As above, we construct a long-range only descriptor and densify the result for plotting the values.
delta_expansion_long_range = (
fourier_space_expansion_long_range - real_space_expansion_long_range
)
fourier_space_expansion_long_range = densify_tensormap(
fourier_space_expansion_long_range
)
delta_expansion_long_range = densify_tensormap(delta_expansion_long_range)
As above, we plot the values of the spherical expansions for the Fourier and the
subtracted (long range only) spherical expansion.

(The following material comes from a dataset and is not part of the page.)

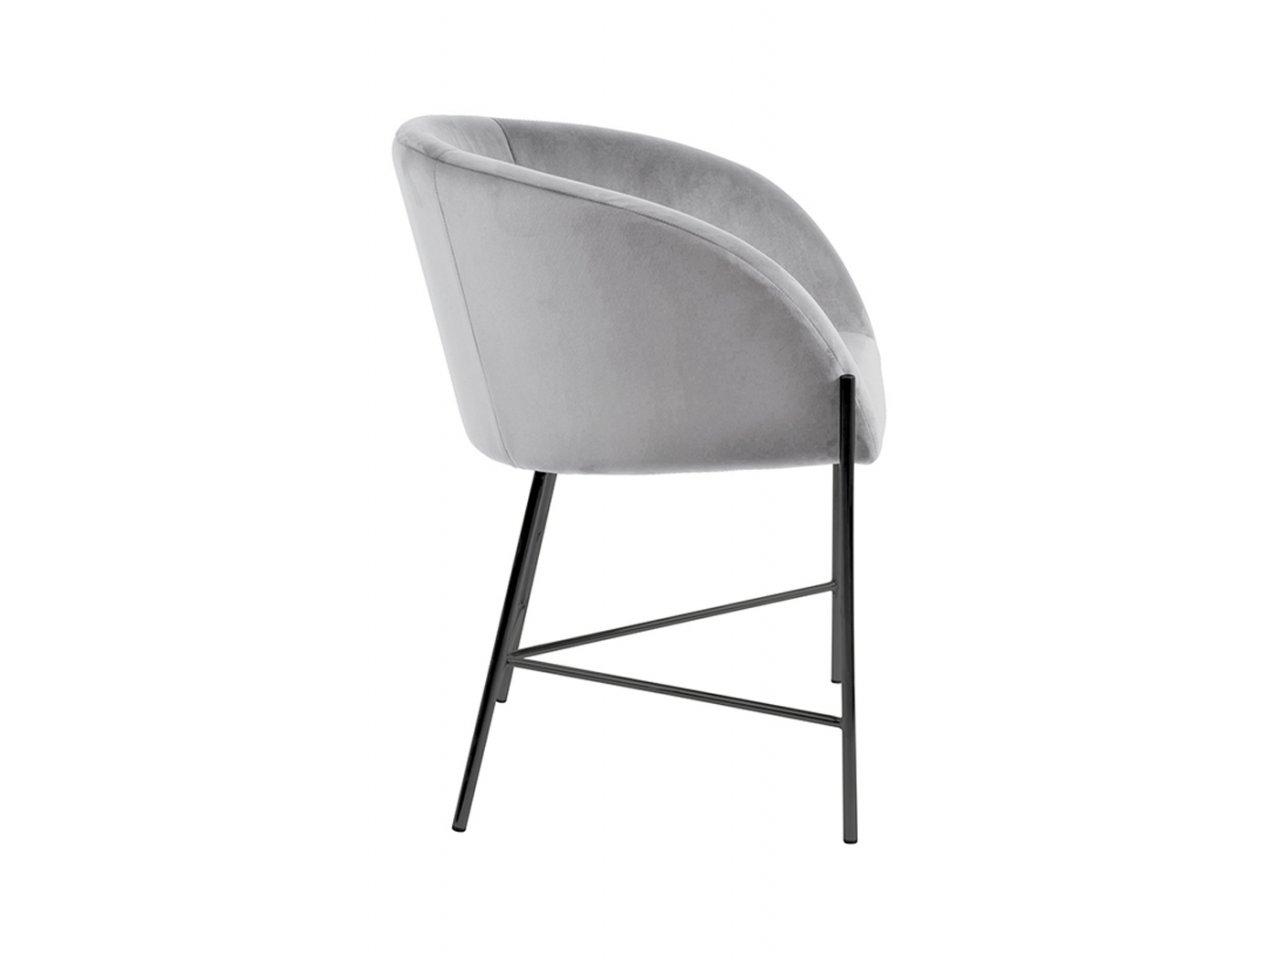 Sedia con braccioli Bobbio -22

First for hydrogen
(center_species=1
)
plot_value_comparison(
fourier_space_expansion_long_range.keys[0],
fourier_space_expansion_long_range,
delta_expansion_long_range,
)
amd second for oxygen (center_species=8
)
plot_value_comparison(
fourier_space_expansion_long_range.keys[1],
fourier_space_expansion_long_range,
delta_expansion_long_range,
)
We clearly see that the values of the subtracted spherical are much larger compared to the system with only a single water molecule, thus confirming the presence of long-range contributions in the descriptor for a system with two water molecules.